Read text data in PDF files using OCR in UiPath

This article describes how to use UiPath’s OCR to extract text data from PDF files.

Proceed to Table of Contents

＼Save during the sale period!／

Take a look at the UiPath course on the online learning service Udemy

*Free video available

Click here for the official Udemy website.

The operator of this blog, F-penIT blog

F-Pen

Japanese IT engineer with a wide range of experience in system development, cloud building, and service planning. In this blog, I will share my know-how on UiPath and certification. profile detail / twitter:@fpen17

This site was created by translating a blog created in Japanese into English using the DeepL translation.

Please forgive me if some of the English text is a little strange

Get OCR Text

To read text data in PDF files with OCR, use Get OCR Text and the OCR engine.
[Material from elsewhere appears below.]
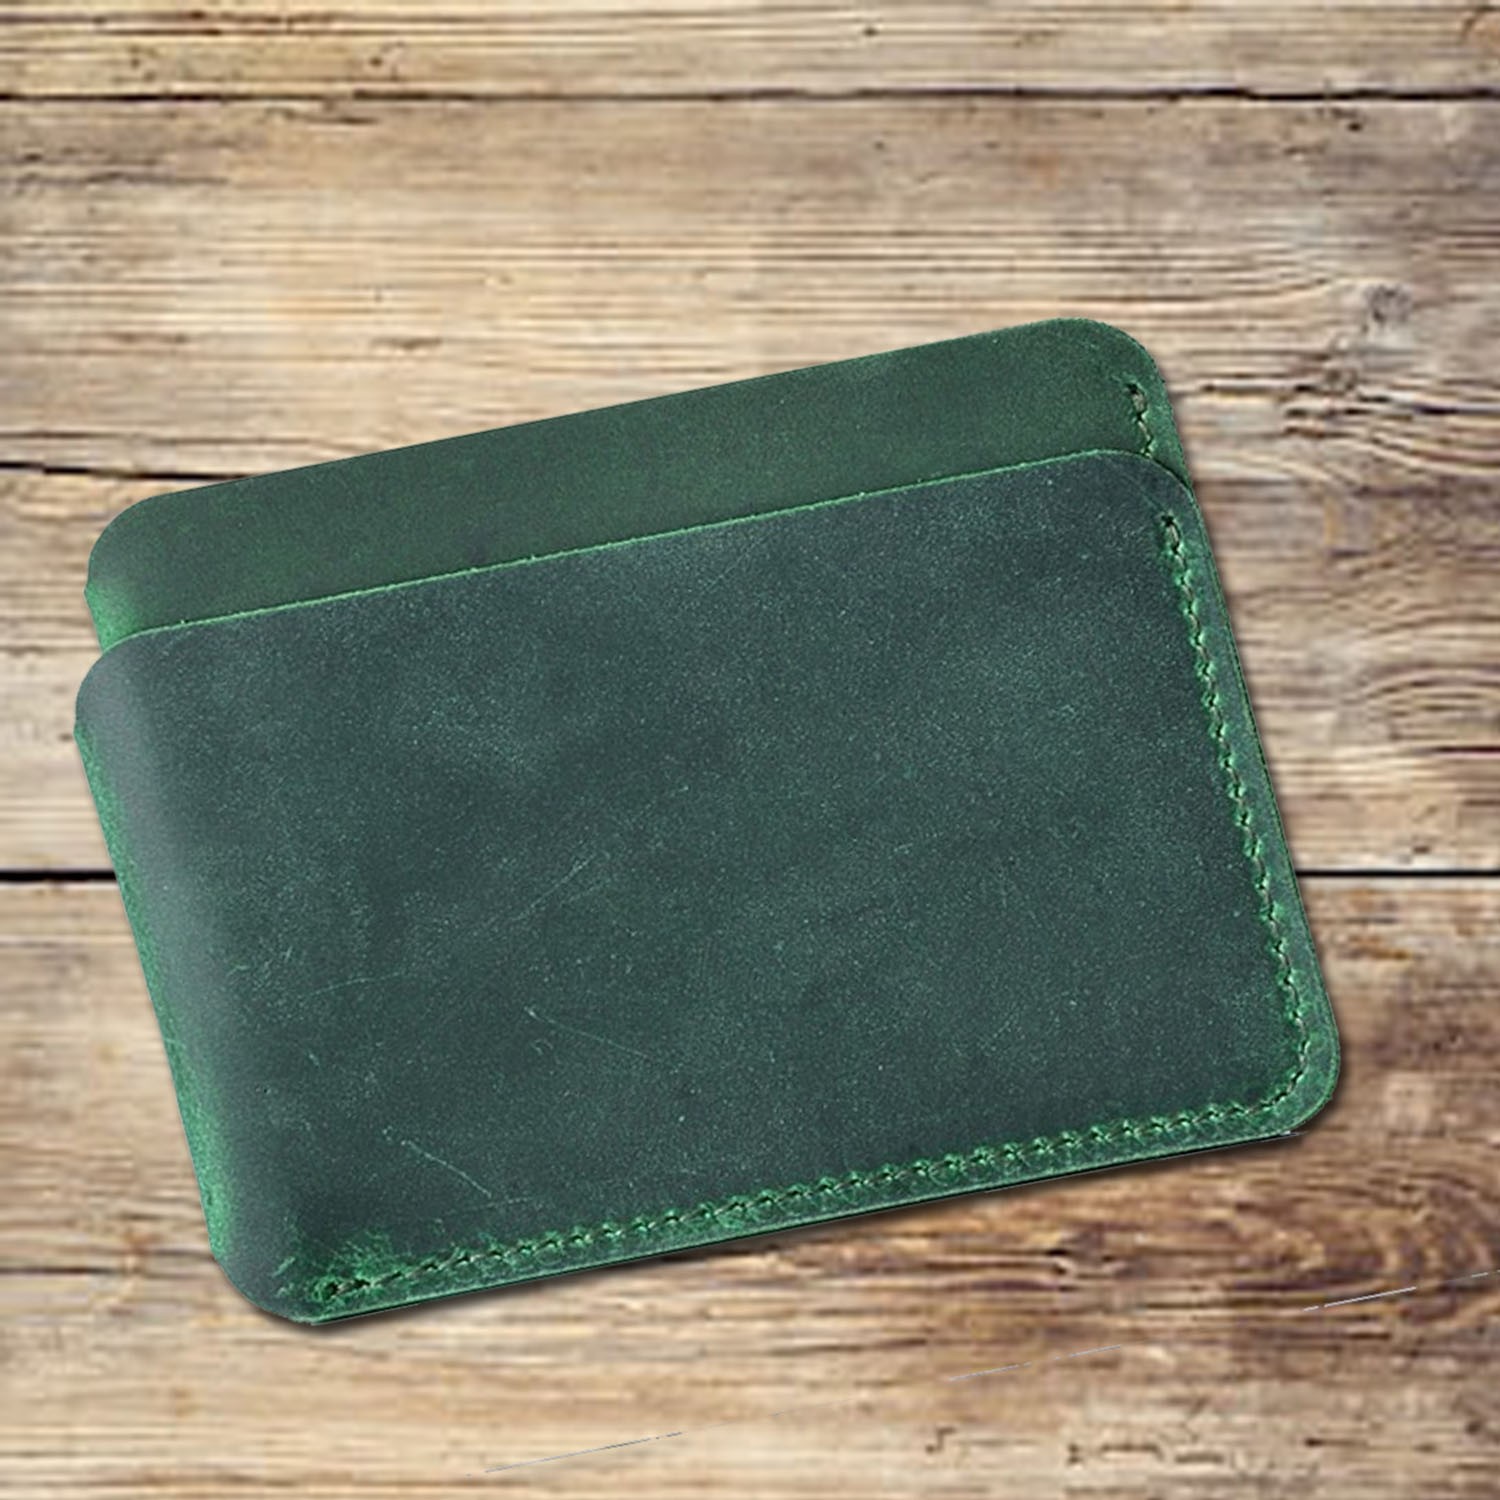 Handmade green leather card wallet

Get OCR Text setting items

Setup Location	Setting items	Configuration details
Output	Text	The string extracted from the indicated UI element.
Output	WordsInfo	The screen coordinates of each word found in the indicated UI element.
Misc	Private	If selected, the values of variables and arguments are no longer logged at Verbose level.
	Target.Selector	ext property used to find a particular UI element when the activity is executed.
	Target.TimeoutMS	Specifies the amount of time (in milliseconds) to wait for the activity to run before the SelectorNotFoundException error is thrown.
	Target.WaitForReady	Before performing the actions, wait for the target to become ready.
	Target.Element	Use the UiElement variable returned by another activity.
	Target.ClippingRegion	Defines the clipping rectangle, in pixels, relative to the UiElement, in the following directions: left, top, right, bottom.
Common	DisplayName	The display name of the activity.
Common	ContinueOnError	Specifies if the automation should continue even when the activity throws an error.

Get OCR Text

Uses Tesseract OCR as engine

Reads PDF files with the OCR engine as Tesseract OCR.

Tesseract OCR configuration items

Setup Location	Setting items	Configuration details
Options	AllowedCharacters	The OCR engine extracts the given string according to the characters specified here.
	DeniedCharacters	The OCR engine extracts the given string without taking into account the characters specified here.
	Invert	If this check box is selected, the colors of the UI element are inverted before scraping.
	Language	The language used by the OCR engine to extract the string from the UI element.
	ExtractWords	If this check box is selected, the on-screen position of each detected word is extracted.
	Profile	Choose a preprocessing profile for the specified image or UI element to achieve a better OCR read.
	Scale	The scaling factor of the selected UI element or image.
Output	Text	The extracted string.
Output	Result	The extracted words along with their on-screen position.
Input	Image	The image that you want to process.
Common	DisplayName	The display name of the activity.
Misc	Private	If selected, the values of variables and arguments are no longer logged at Verbose level.

Tesseract OCR

sample process

Read PDF text and output to log

– workflow

– Target PDF

– Properties of “Get OCR Text ‘text It'”.

– Properties of “Tesseract OCR”

– variable

– Execution Result

ラッコくん

I’m able to output PDF text to the log.

Use UiPath Screen OCR as engine

Reads PDF files with the OCR engine as “UiPath Screen OCR”.

UiPath screen OCR setting items

Setup Location	Setting items	Configuration details
Common	DisplayName	The display name of the activity.
Input	Image	The image that you want to process.
Logon	ApiKey	The API key used to provide you access to the UiPath Screen OCR (not required for the Preview period).
	Endpoint	The endpoint for UiPath Screen OCR. The default project settings value is https://ocr.uipath.com/.
	Timeout (milliseconds)	Specifies the amount of time (in milliseconds) to wait for a response from the server before an error is thrown.
Misc	Private	If selected, the values of variables and arguments are no longer logged at Verbose level.
Misc	UseLocalServer	Determines if a local server should be used.
Output	Result	Provides the extracted words along with their on-screen position.
Output	Text	Provides the extracted text.

UiPath Screen OCR

sample process

Reads PDF text and outputs it to the log

– workflow

・Get OCR Text ‘document’ Properties

– UiPath Screen OCR Properties

– variable

– PDF to be read

– Execution Result Log

ラッコくん

I’m able to output PDF text to the log.

Uses OCR for Chinese, Japanese and Korean as engine

Read PDF files with OCR engine as OCR – Japanese, Chinese, Korean

OCR for Chinese, Japanese and Korean settings

Setup Location	Setting items	Configuration details
Common	DisplayName	The display name of the activity.
Input	Image	The image that you want to process.
Logon	ApiKey	The API key used to provide you access to Document Understanding, when the OCR for Chinese, Japanese and Korean is used with Document Understanding activities.
Logon	Endpoint	The endpoint associated with your Document Understanding API key.
Misc	Private	If selected, the values of variables and arguments are no longer logged at Verbose level.
Output	Result	rovides the extracted words and information about their position on the screen.
Output	Text	Provides the extracted text. This field supports only String variables.